What this task involves:
Set down every entry exactly as it stands, omitting any picture.
::::::
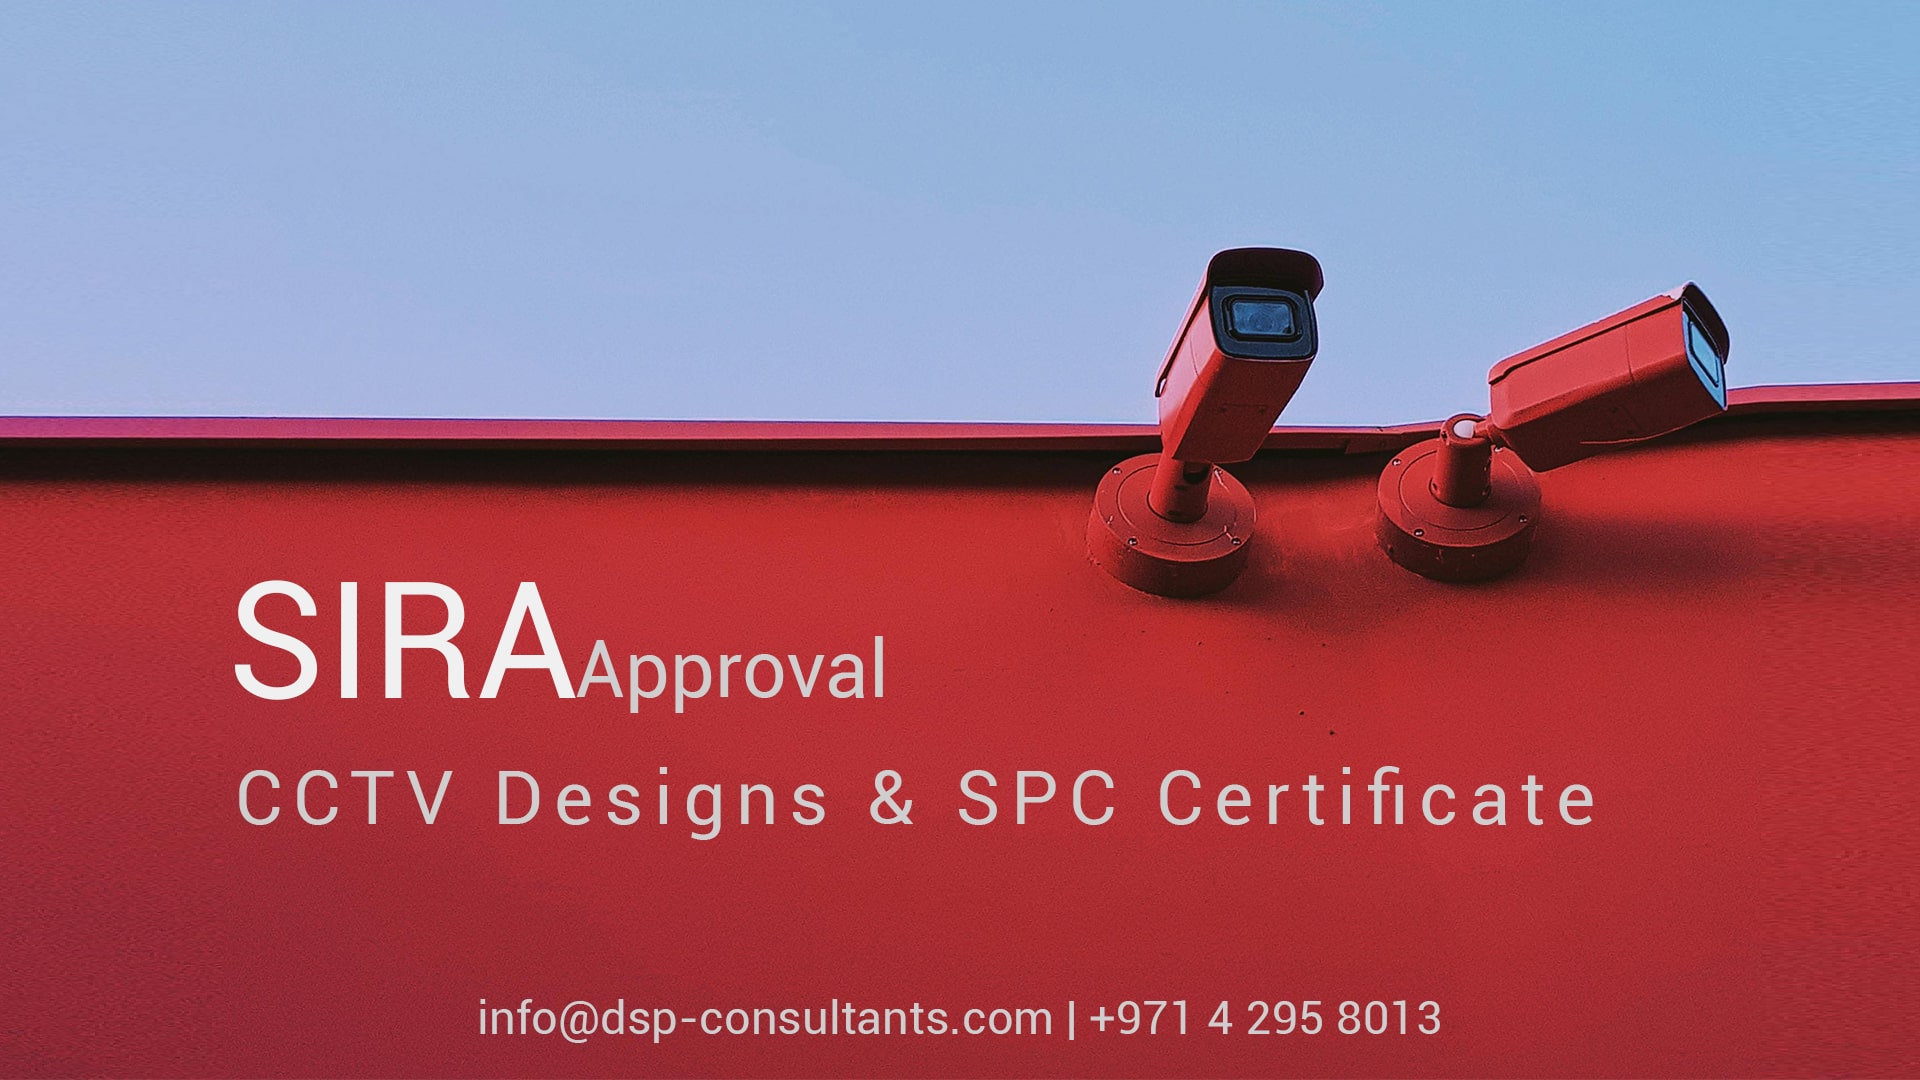 Contact DSP Consultants for obtaining SIRA Approval for CCTV design Layoutsr
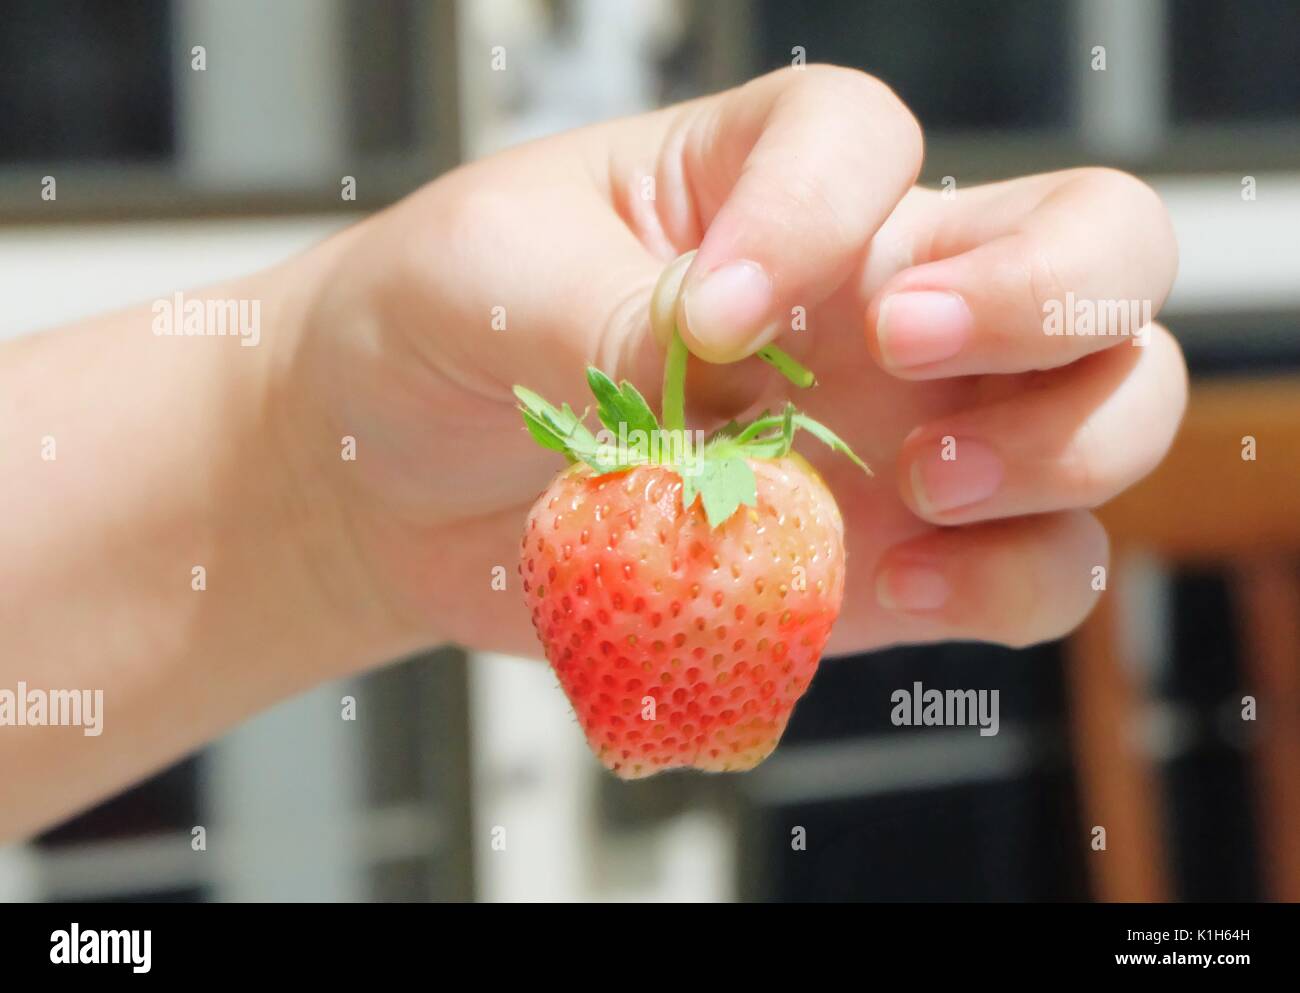 Fresh Fruit, Hand Holding Ripe and Sweet Strawberry High in Vitamin C Tablet, Essential Nutrient for Life. Stock Photo
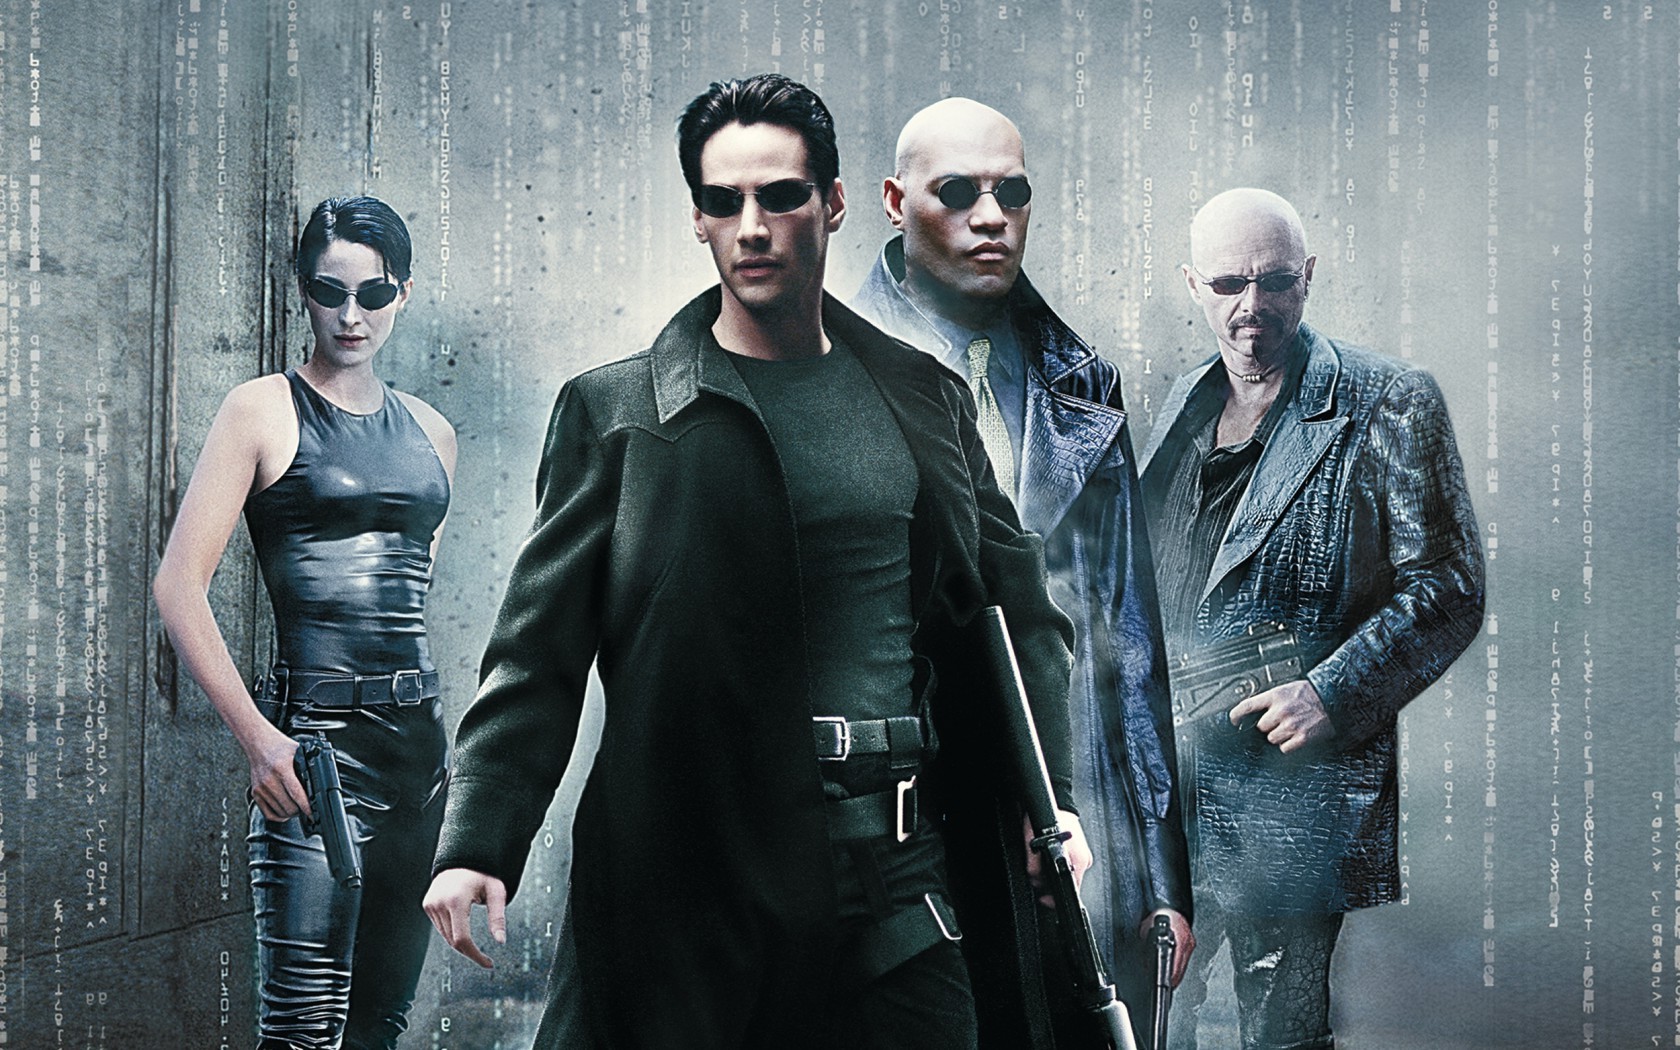 The Matrix, Movies, Neo, Keanu Reeves, Morpheus, Carrie Anne Moss, Trinity, Laurence Fishburne Wallpaper
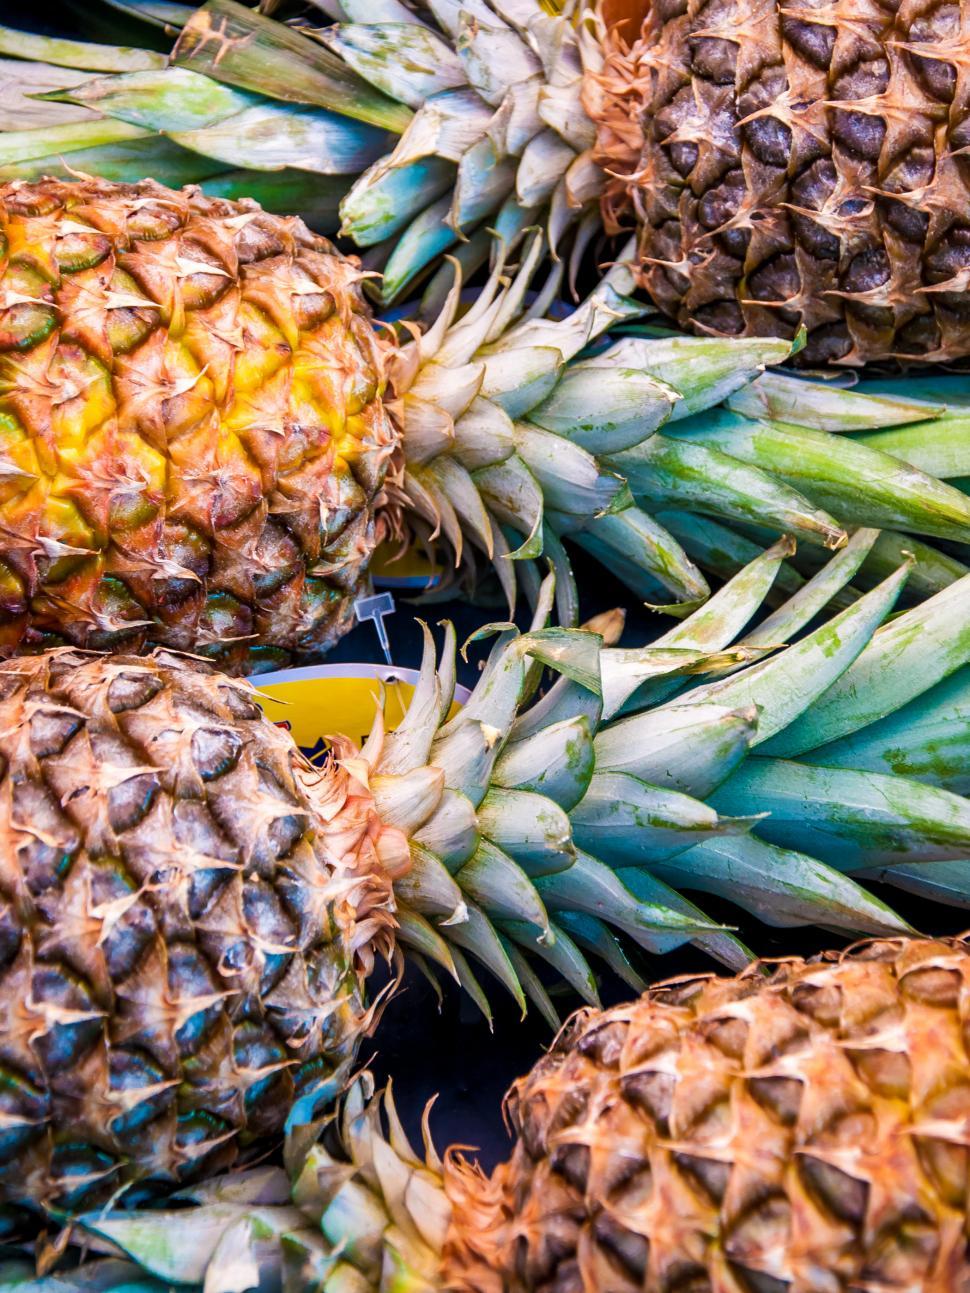 Download Free Stock Photo of A lot of pineapple fruit background 
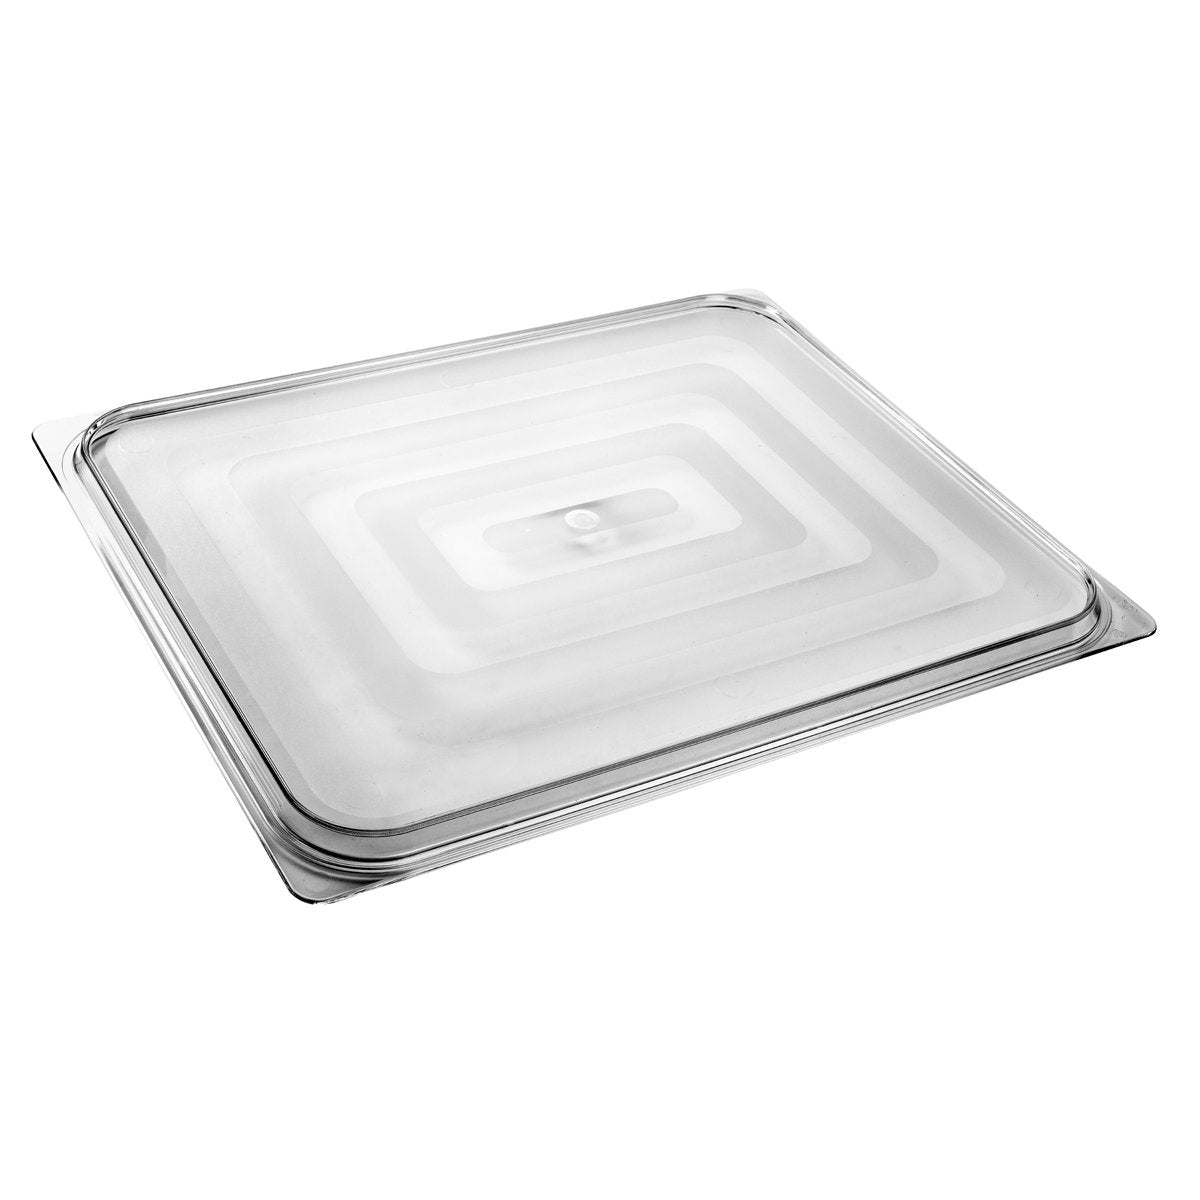 PC-21CL Inox Macel Gastronorm Pan Polycarbonate onate Lid Clear 2/1 Size Tomkin Australia Hospitality Supplies
::::::
Answer to the exercise:
 Contact DSP Consultants for obtaining SIRA Approval for CCTV design Layoutsr
 Fresh Fruit, Hand Holding Ripe and Sweet Strawberry High in Vitamin C Tablet, Essential Nutrient for Life. Stock Photo
 The Matrix, Movies, Neo, Keanu Reeves, Morpheus, Carrie Anne Moss, Trinity, Laurence Fishburne Wallpaper
 Download Free Stock Photo of A lot of pineapple fruit background 
 PC-21CL Inox Macel Gastronorm Pan Polycarbonate onate Lid Clear 2/1 Size Tomkin Australia Hospitality Supplies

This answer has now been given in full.